IMHO this is a bit confusing. We tell the user an explicit path where 
the key should be, and then suggest copying it to some location which 
might or might not be the same as already mentioned. After reading the 
next paragraph it might be clearer, but IMHO the structure should be "To 
add via CLI, do scp + pvesm.
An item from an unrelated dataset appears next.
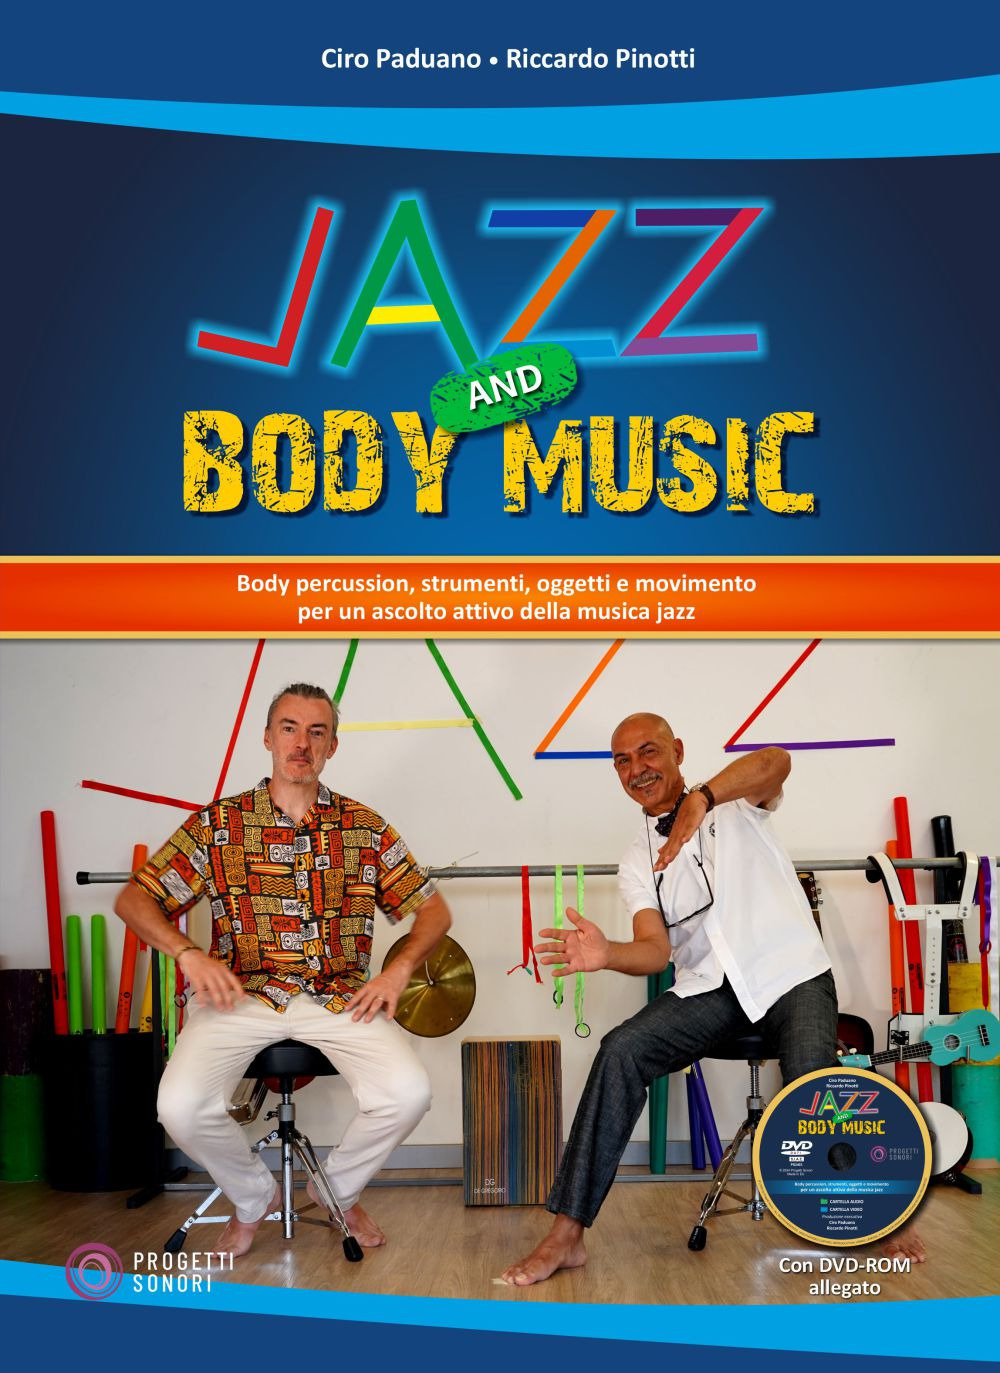 Jazz and body music. Con DVD-ROM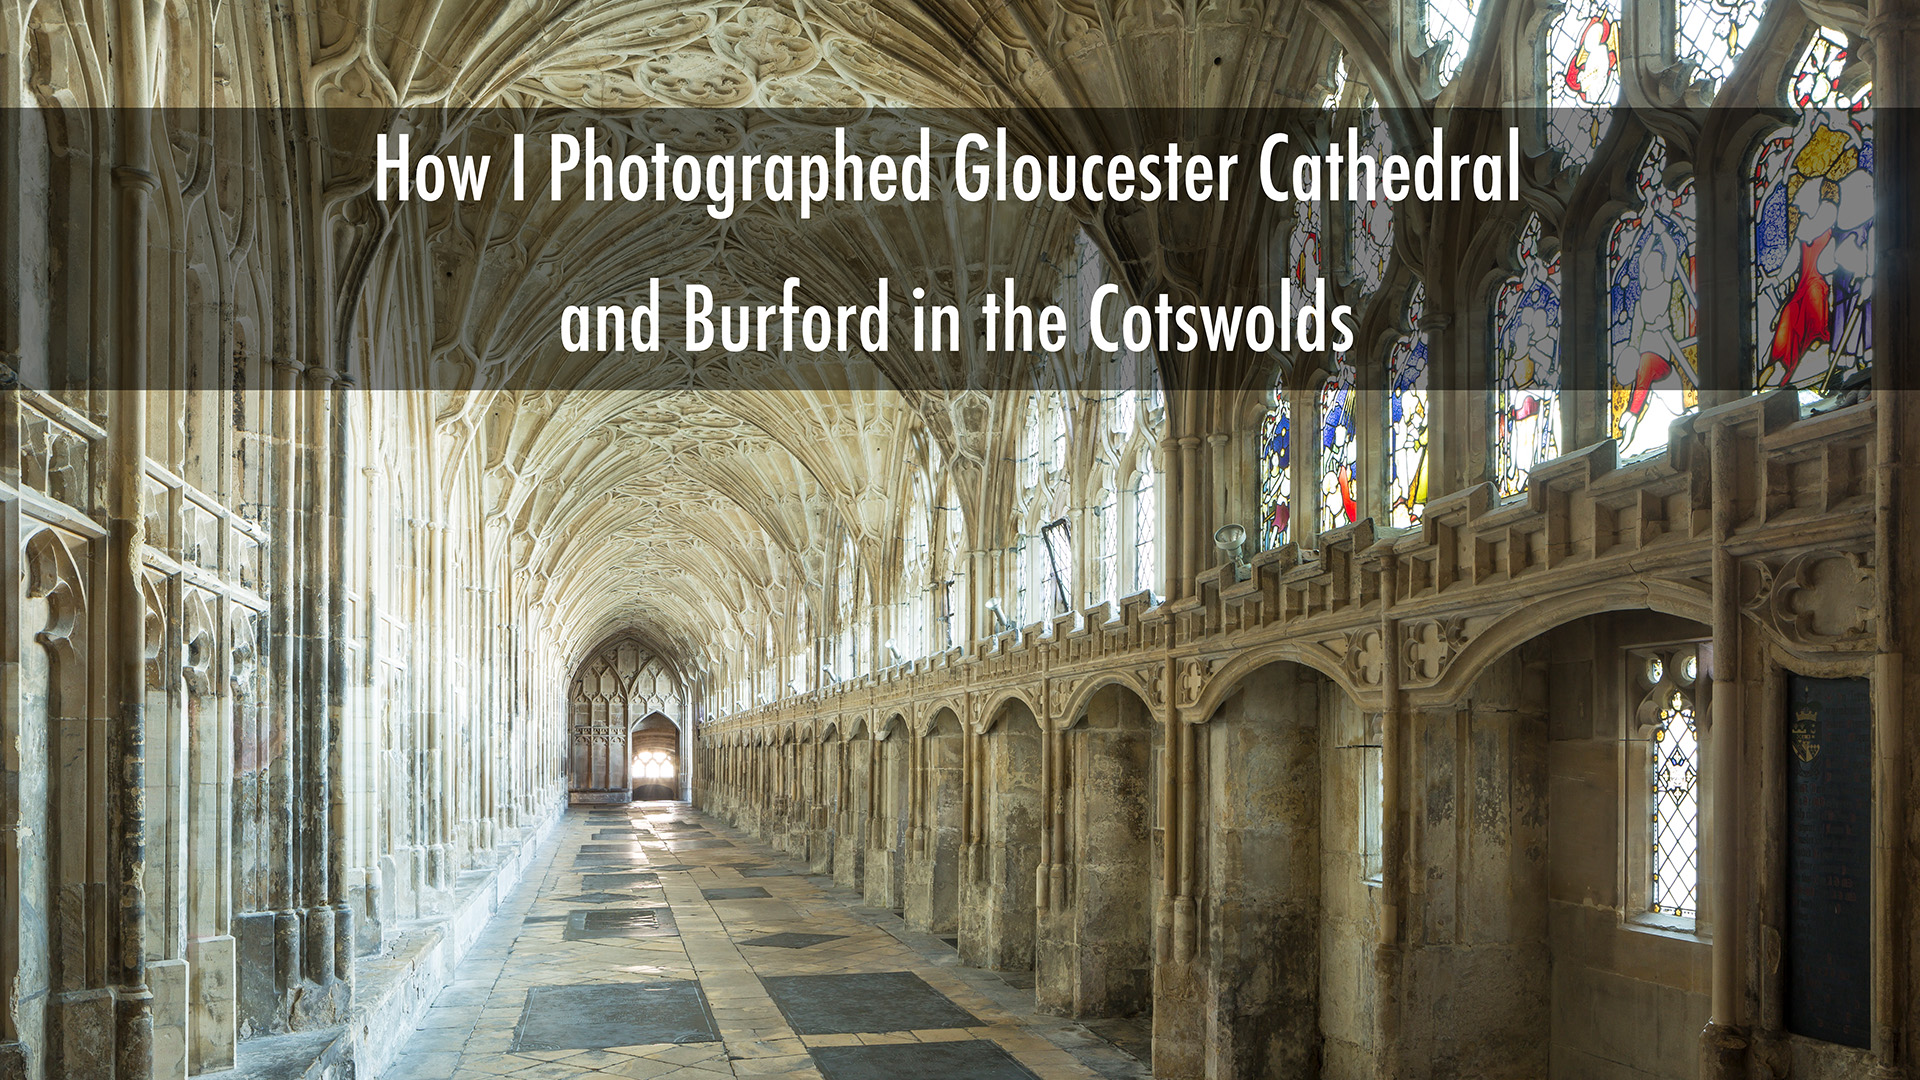 How I Photographed Gloucester cathedral and Burford in the Cotswolds.

To add via GUI, do ...". And/or maybe make 
it clear that pvesm will put the keyring there?

>   
> -The secret must be renamed to match your `<STORAGE_ID>`. Copying the
> -secret generally requires root privileges. The file must only contain the
> -secret key itself, as opposed to the `rbd` backend which also contains a
> -`[client.userid]` section.
> +If you use the `pvesm` CLI tool to configure the external RBD storage, use the
> +`--keyring` parameter, which needs to be a path to the secret file that you
> +copied.
> +
> +When configuring an external RBD storage via the GUI, you can copy and paste
> +the secret into the appropriate field.
> +
> +The secret is only the key itself, as opposed to the `rbd` backend which also
> +contains a `[client.userid]` section.
>   
>   A secret can be received from the Ceph cluster (as Ceph admin) by issuing the
>   command below, where `userid` is the client ID that has been configured to
>   access the cluster. For further information on Ceph user management, see the
> -Ceph docs footnote:[Ceph user management
> -{cephdocs-url}/rados/operations/user-management/].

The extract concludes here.